There’s something unusual about the fight, though at first I can’t put my finger on it. Then I notice that, even though it looks superficially like any fight, it isn’t. Blows that should land, and that should be crippling or even fatal, are averted or deflected, or simply fail to have the effect they ought to. Sometimes they connect, but far less often than they should, and with far more meager results than I would have expected. I realize that this is exactly what Suarez has described. It’s not just a battle of physical skills, but of strategic ones, and maybe, just maybe, of one combatant’s suerte against another’s. I start to wonder if it’s true, if it’s their good fortune, amassed through murder upon murder, trained and honed under Suarez’s tutelage, that allows them to dodge blows they shouldn’t be able to dodge, or shake off ones that ought to break their bones. Suarez watches with me for a moment, then starts walking again.
“Well,” he says over his shoulder, “you didn’t come here to see this.”
I hesitate a moment, fascinated by the fight, then move to follow him through another alley. Partway down the lane he opens a door and enters, leaving it open for me to follow him. I do, shutting the door behind me.
As my eyes adjust to the inside light, I see that it’s a computer facility. Twenty or so Suert
e are at work at holo terminals, some apparently gathering information while others are clearly involved in complex programming projects.
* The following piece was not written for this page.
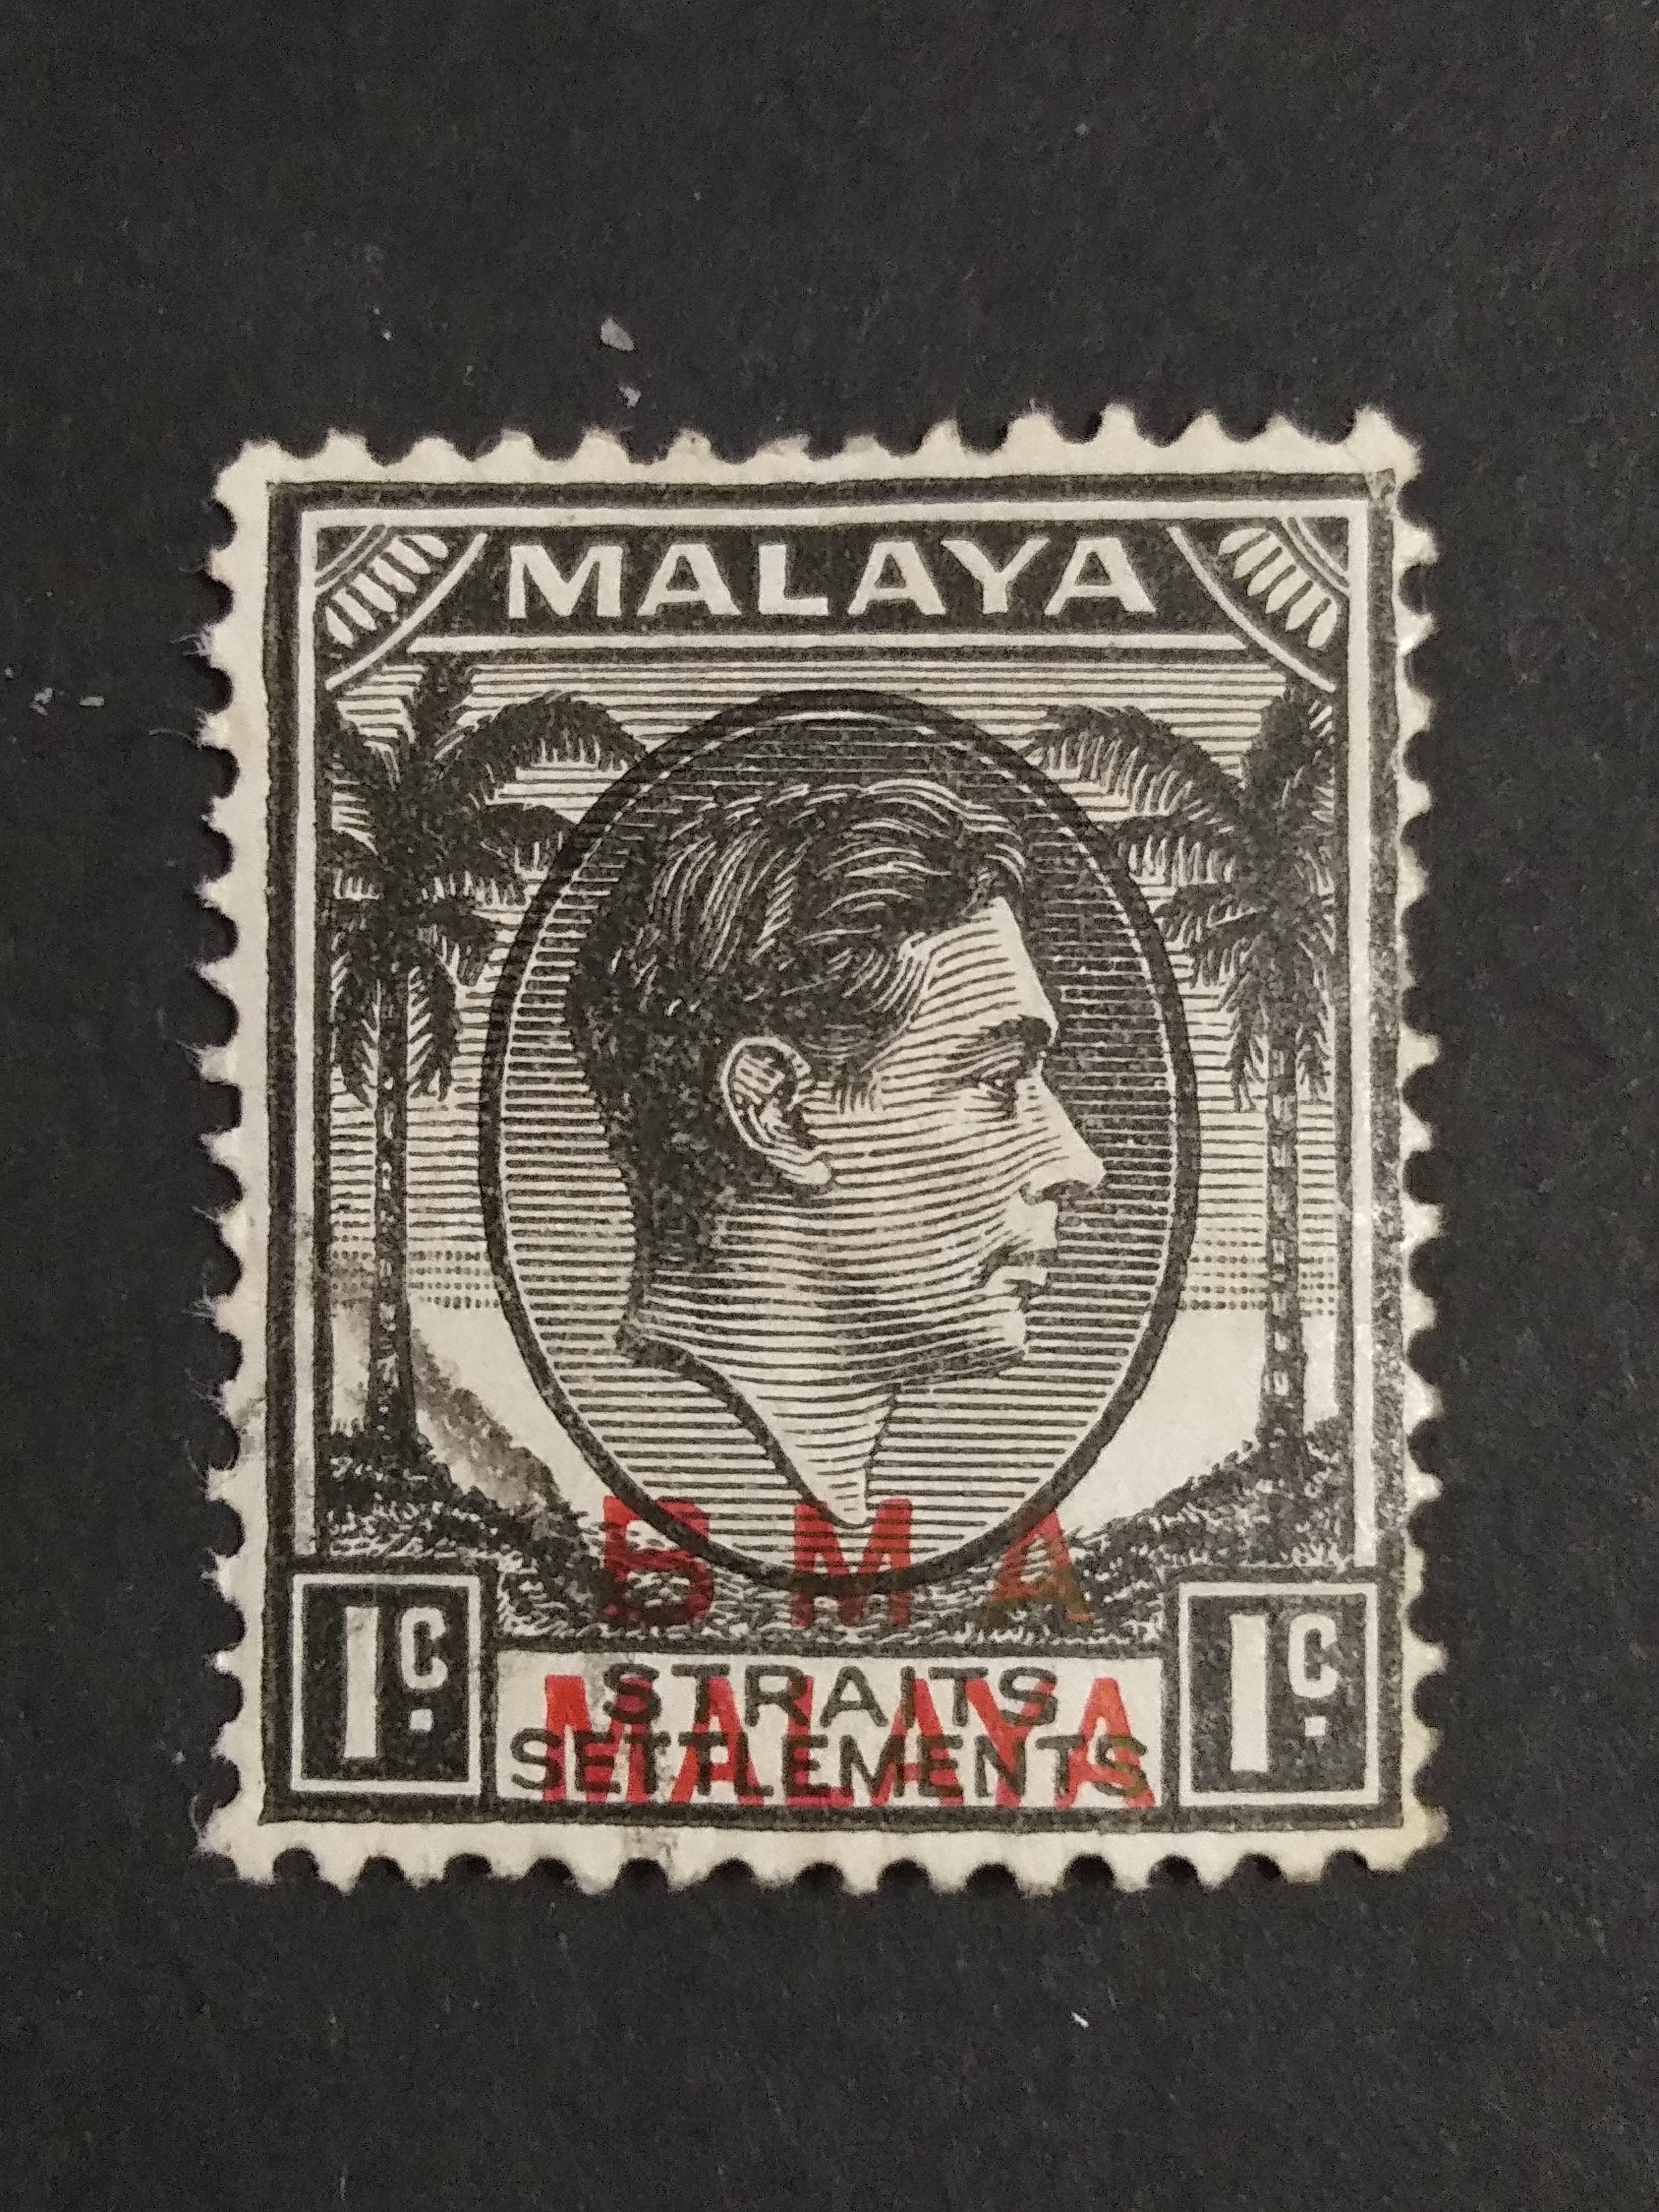 MALAYA/BMA/overprint/1 cent

Suarez is well ahead of me, headed for a door on the other side of the room, but I’m curious.
“You train your people on computers?” I call out, still catching up with him. He stops and looks around the room as though he hadn’t really noticed it when we first came in.
“Well of course,” he says. “We aren’t some backward little church,” a word he pronounces with derision. “We are a community and we take care of our own. Everyone here trains and becomes proficient in computer use. Most are illiterate when they arrive, so they have to be taught to read first.”
Watching the speed with which they carry out their assignments it’s hard to believe that anyone here was ever illiterate.
“I’m surprised the electricity doesn’t go out,” I say.
“We have our own supply. It’s necessary.”
“It’s necessary, so therefore it happens, is that it?”
He smiles.
“Yes, exactly. That is the nature of suerte”
I look around at the multitude of computers, an intent operator bent over each one.
“You scoop?”
“We keep abreast of events,” he says, admitting the fact without actually saying so. “Information is an important resource.”
“Of course.”
“Come,” he says. “We need privacy, I think.”
He leads me through a doorway that leads out of the computer center. On the other side is a set of stairs. He climbs and I follow him. At the top we reach a suite of rooms, apparently his own apartment.